▸ **Problem**: Reproduce exactly the first line of the material below and every line after it, ending with the line that contains "DCW Editions La". No pictures should be copied.

▸ **Data shown**:
-- Opening Marker --
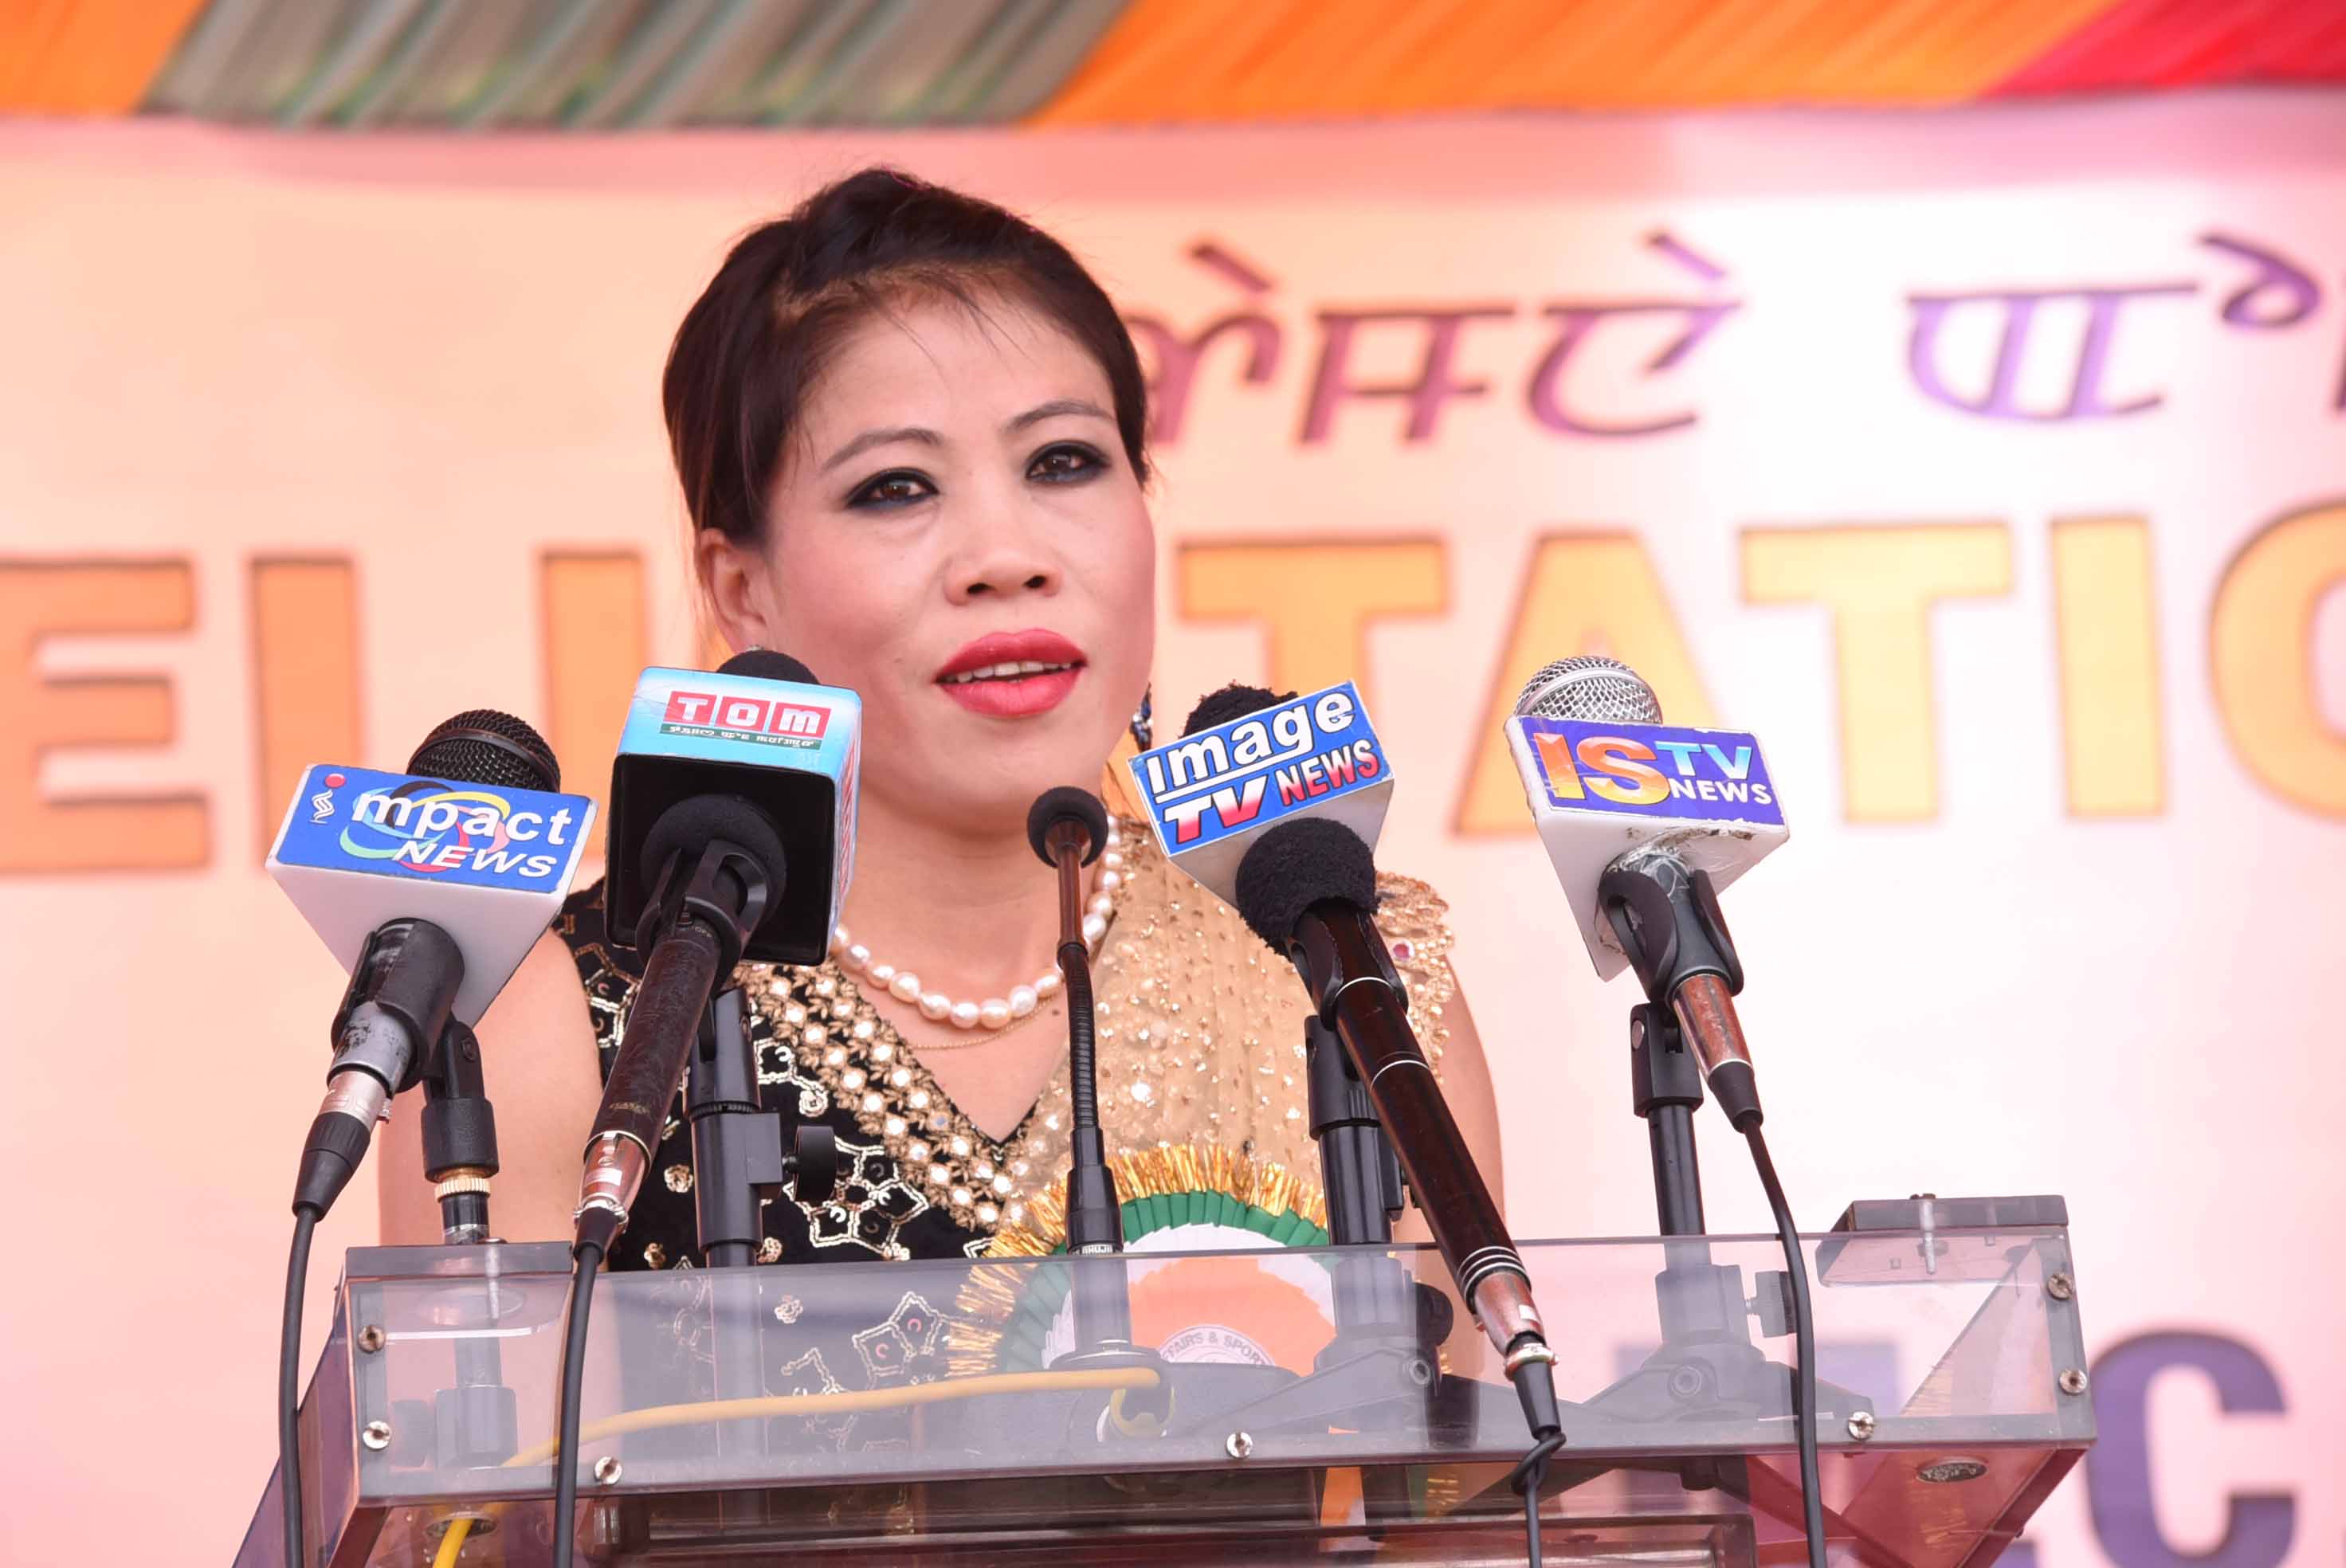 World boxing champion MC Mary Kom honoured with the title 'Meethoileima' at Khuman Lampak :: 11th December 2018
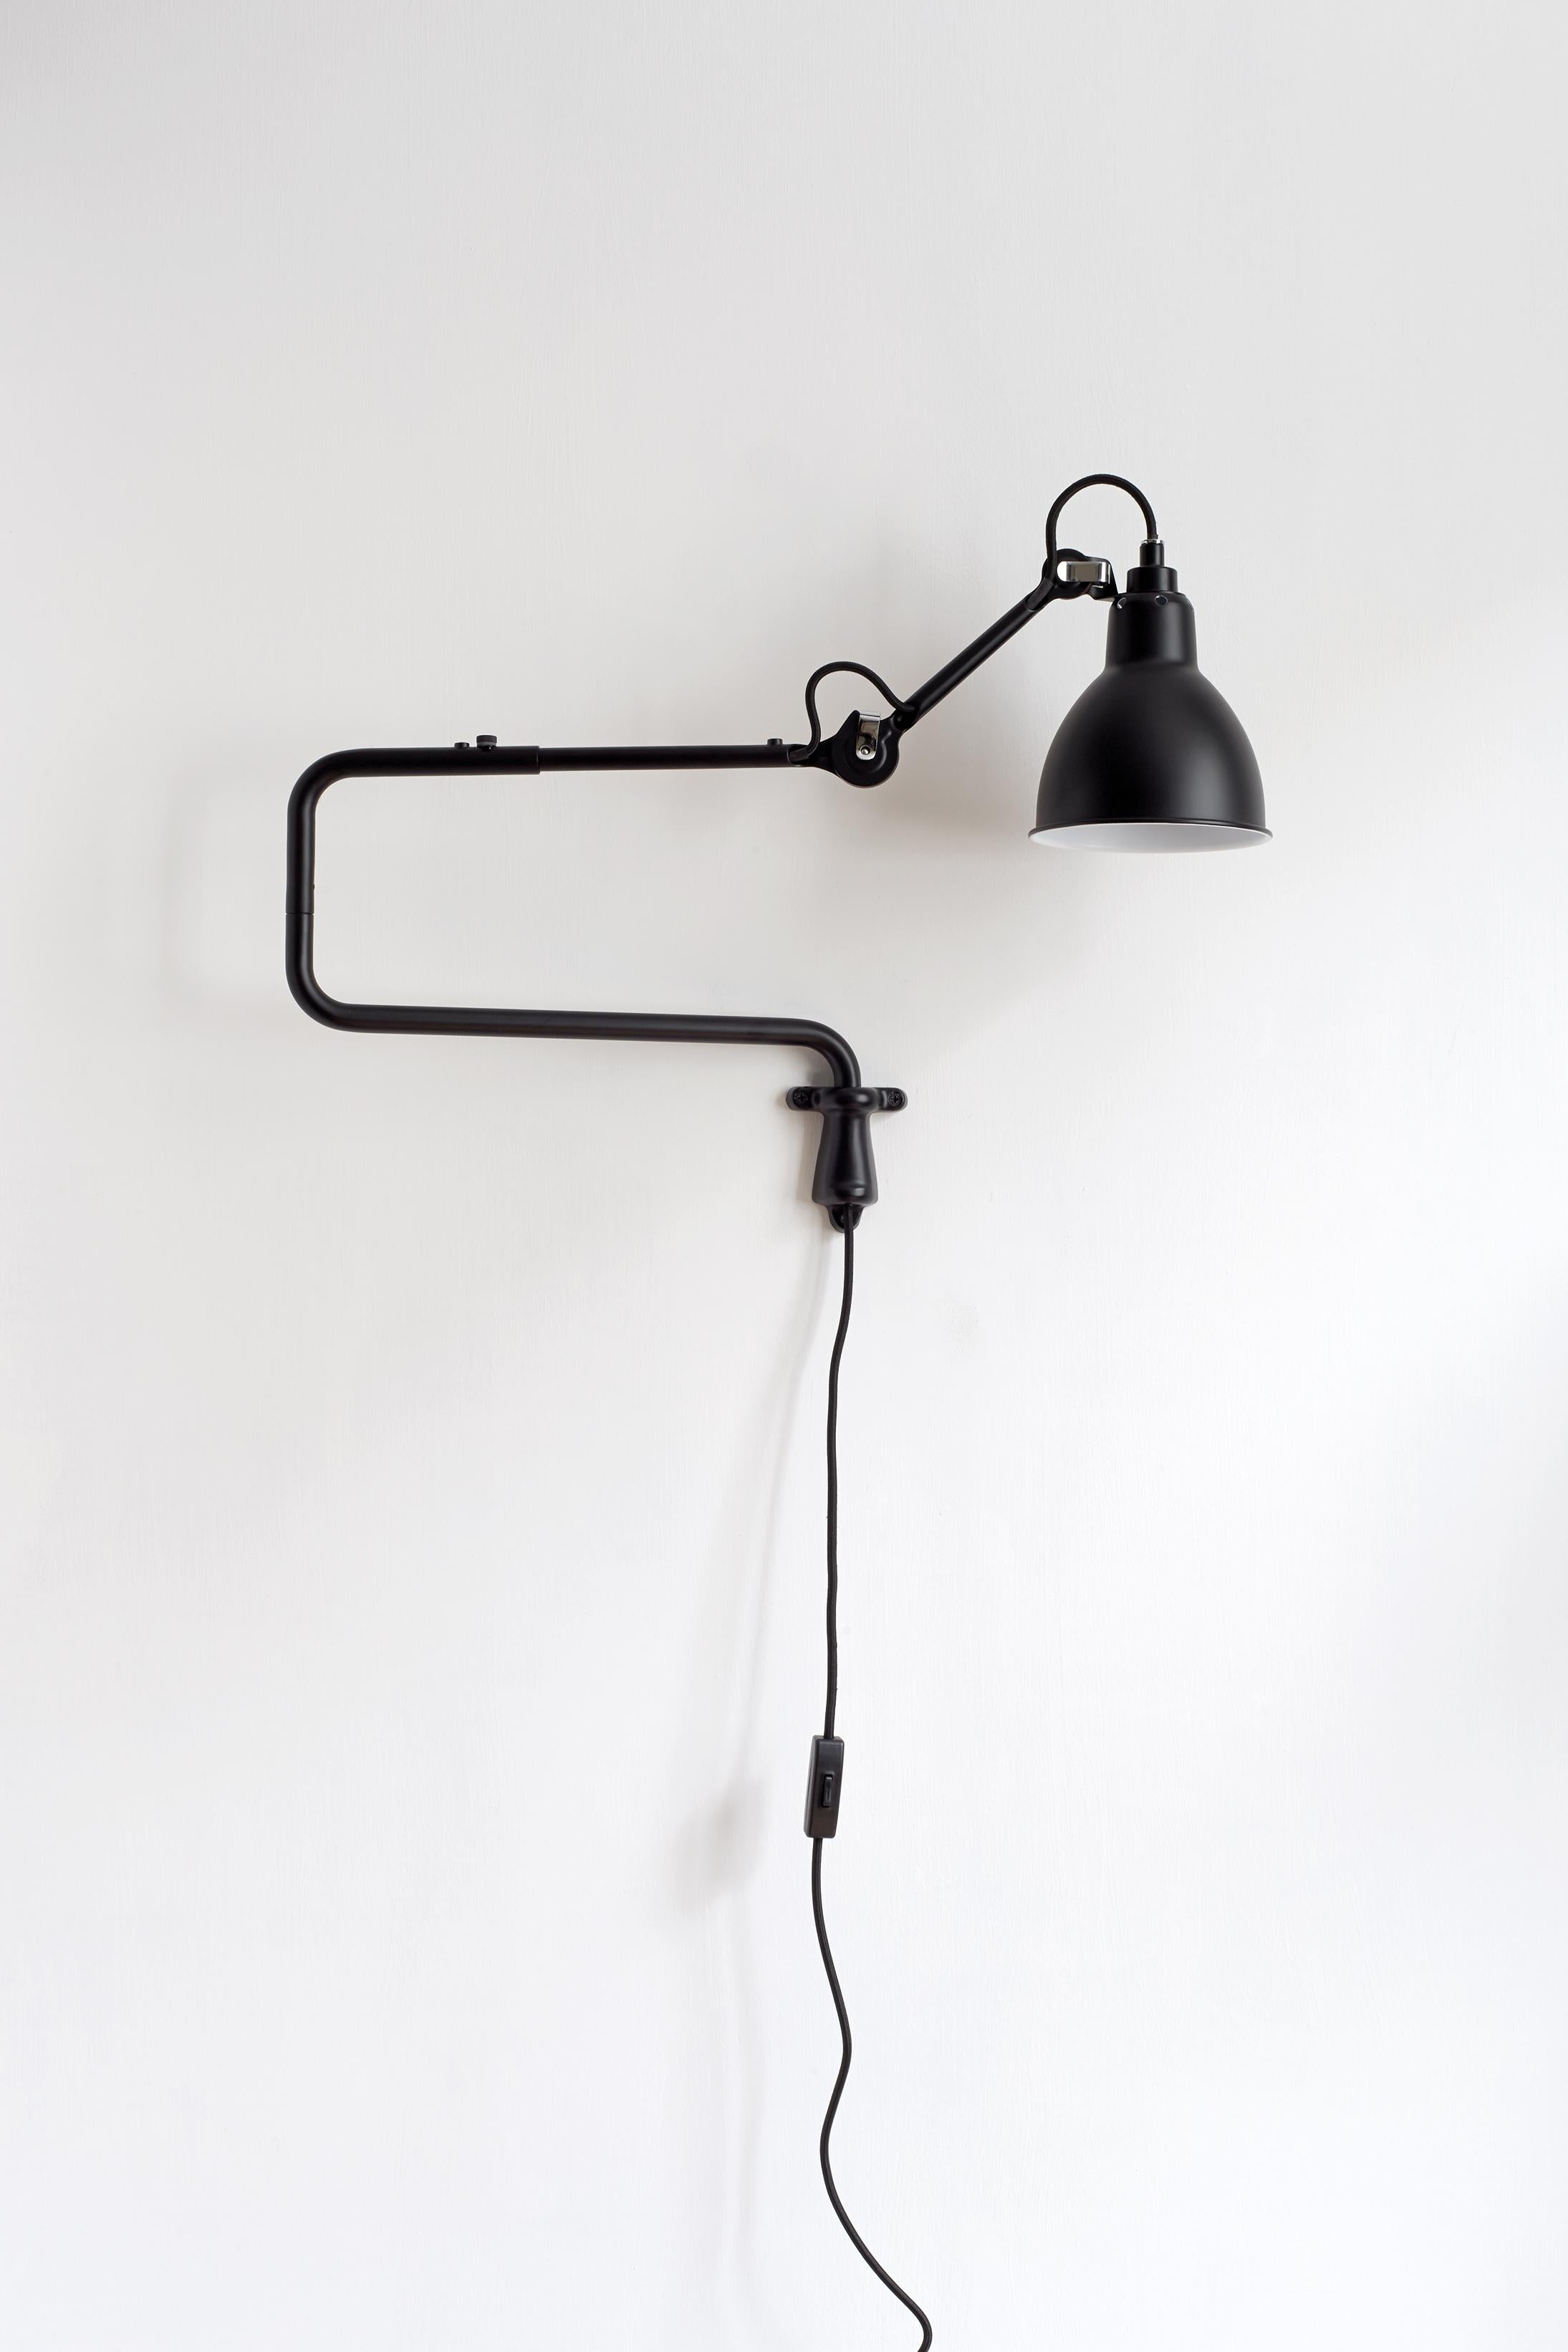 DCW Editions La Lampe Gras N°303 Wall Lamp in Black Steel Arm and Black Shade by Bernard-Albin Gras
 
 In 1921 Bernard-Albin GRAS designed a series of lamps for use in offices and in industrial environments. The GRAS lamp, as it was subsequently
-- Closing Marker --
▸ **Solved exercise**:
 World boxing champion MC Mary Kom honoured with the title 'Meethoileima' at Khuman Lampak :: 11th December 2018
 DCW Editions La Lampe Gras N°303 Wall Lamp in Black Steel Arm and Black Shade by Bernard-Albin Gras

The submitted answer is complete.